5 ways millennials can start saving in 2022 – Forbes Advisor INDIA


Millennials form a significant part of the Indian workforce and are slowly becoming the main breadwinners. However, Indian millennials are making a sad figure when it comes to savings. The savings trend takes a back seat for most millennials, as reported in a Deloitte survey that found that Indian millennials save less than 10% of their income.

Given the times we live in, savings should be a top priority, and the good thing is, it’s not rocket science. Millennials can start their savings journey in 2022 with minimal hassle thanks to these easy ways.

1. Strictly apply the 50/30/20 budget rule

The 50/30/20 budget rule is a simple and effective way to manage your finances and soak up the habit of saving. The proposition under this rule is simple. You spend 50% of your income on basic necessities, that is, essential expenses. These include:

  • To rent
  • Grocery and utility bills
  • Children’s school fees
  • IME and insurance premium

After spending 50% on needs, wants represents the next 30%. Desires are lifestyle expenses such as dining out, buying that expensive gadget that goes over budget, etc. More often than not, needs become wants when we take them beyond the basics. After meeting the needs, millennials need to save 20% of their income.

The beauty of this rule is that millennials can apply it regardless of their cash flow. This gives them the opportunity to save at least something on their income. The 20% savings each month will add to a considerable body of work in the future.

2. Start a systematic investment plan (SIP) in mutual funds

A systematic investment plan or SIP in a mutual fund is another option millennials have to start saving. In a SIP, a specific amount of money is deducted from your savings account and invested in the fund of your choice on a fixed date. SIPs bring discipline to investing and help build up the desired body of work for different life goals in a disciplined and sustained manner.

However, the latent advantage of SIP is that it results in forced savings. As the money is invested on a particular date, it automatically results in the desired savings. SIPs bring other benefits to the table. They help you:

  • Stay invested through market cycles
  • Help accumulate more units when markets are down and vice versa
  • Is imbued with a disciplined savings habit
  • Brings long-term composing power that exponentially increases your wealth

Depending on their needs and their cash flow, millennials can set up SIPs on a weekly, bi-monthly or monthly basis. SIPs in equity mutual funds also help generate long-term above-inflation returns and achieve long-term goals such as child rearing and retirement.

However, for SIPs to generate the desired returns, choosing a fund with a consistent long-term performance history is crucial. New investors must be KYC compliant before launching SIPs in the fund of their choice.

3. Avoid lifestyle expenses

Over-indulging in lifestyle expenses can be counterproductive. Thanks to digitization, millennials can easily get loans with just a few clicks. There are several portals and applications from which one can apply for loans in a jiffy. However, these lifestyle related loans are an expensive proposition. They carry a premium rate of interest which pushes the EMI amount significantly.

This puts a strain on finances, and if even an IME is missed, the credit score takes a hit. Additionally, lifestyle expenses do not add any real value to wealth. In tough times like Covid-19, sustaining lifestyle expenses can be quite difficult when income is already under pressure.

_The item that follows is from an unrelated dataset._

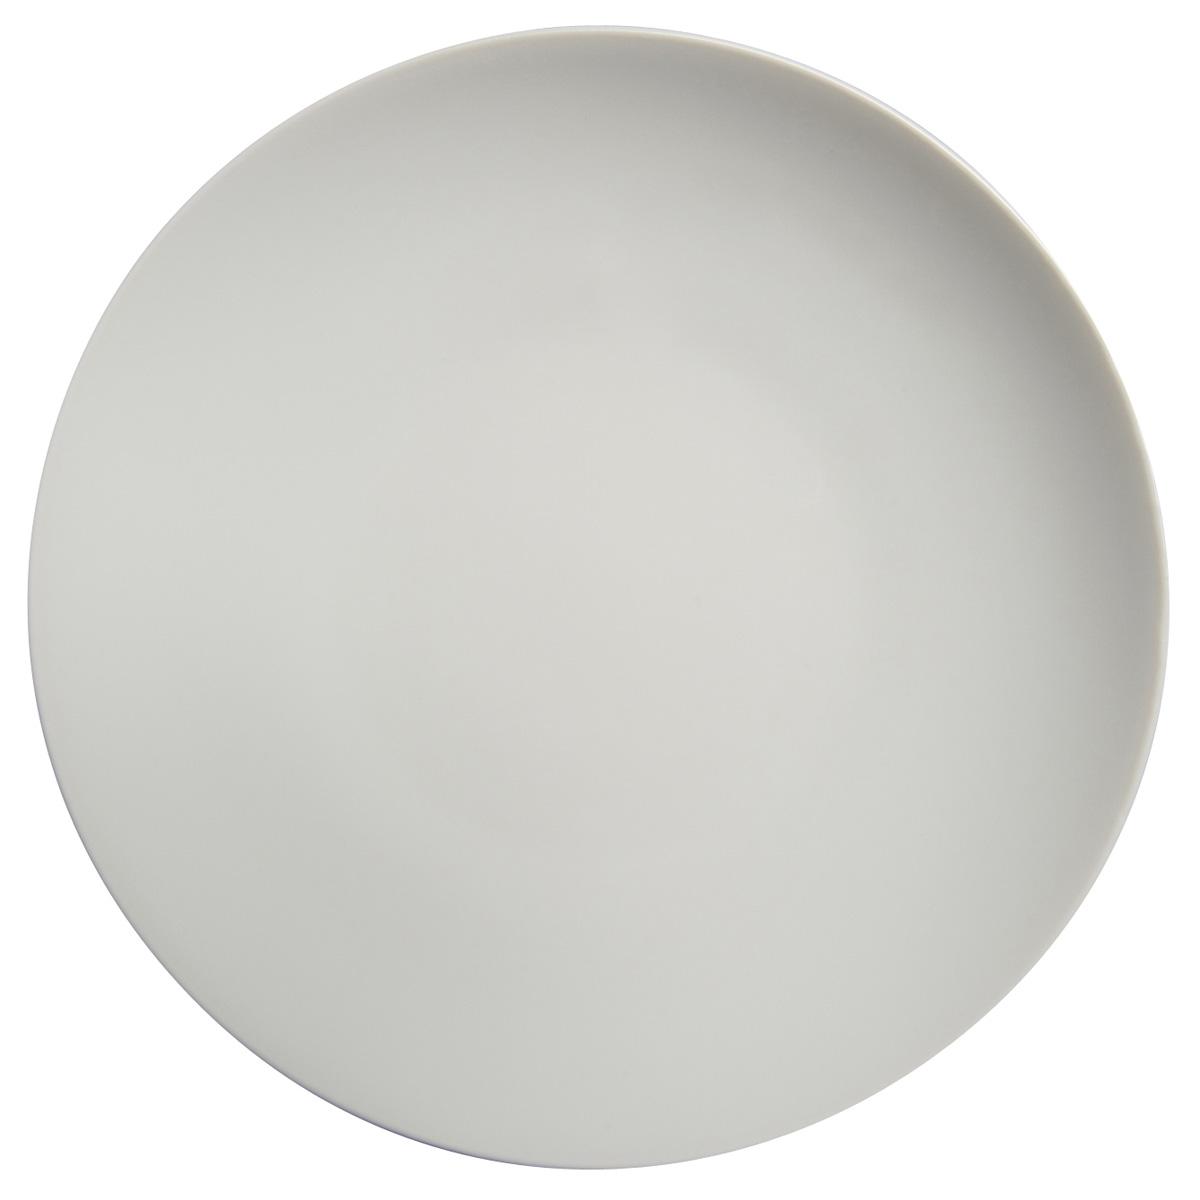 modulo blanc assiette plate ronde 26 cm les assiettes la table parisienne. Black Bedroom Furniture Sets. Home Design Ideas

Millennials can save that money, which could significantly enrich their corpus in the long run. Avoiding eating out every weekend, avoiding the urge to change your smartphone every six months, and making small lifestyle changes all save a good amount of money.

4. Buy health insurance

A medical contingency can wipe out some of the savings all at once. Even a few days of hospitalization can result in bills of several thousand rupees. However, things can be different with a health insurance plan in place.

A health plan avoids personal expenses and ensures that funds are not in short supply to receive the best possible treatment. For millennials on the subways, it is advisable to purchase a health plan with a sum insured of at least INR 10 lakh. A floating family plan is ideal for providing coverage to all family members.

In addition to buying a regular health plan, millennials should also expect to purchase a critical illness insurance plan. Treatment for serious illnesses such as stroke, kidney failure, liver transplant, etc. is quite high and the coverage provided by a regular health plan may not be sufficient to cover the full cost. processing.

In such a scenario, a critical illness insurance policy comes to the rescue as it provides a lump sum to treat the illness, regardless of the cost of hospitalization. Critical plans are fixed benefit policies, unlike regular plans which only reimburse actual hospital costs.

5. Do not incur unnecessary debt

Taking on unnecessary debt can often become a noose around borrowers’ necks. Not all forms of debt are bad. Debt used to learn a new skill or buy an asset is good, but debt to get instant gratification could get in trouble for millennials. Swiping credit cards for every small purchase is not a good idea because credit card interest rates are higher.

Also, paying only the minimum balance is undesirable. Therefore, before going into debt, millennials should analyze whether they need it or not. It is equally essential to read the fine print of the loan documents to avoid surprises later.

Final result

Much like investing in stocks, millennials need to take a long-term approach to saving. They should start their savings journey the day they start making money so that they are on a solid financial footing and can get through the ups and downs with ease.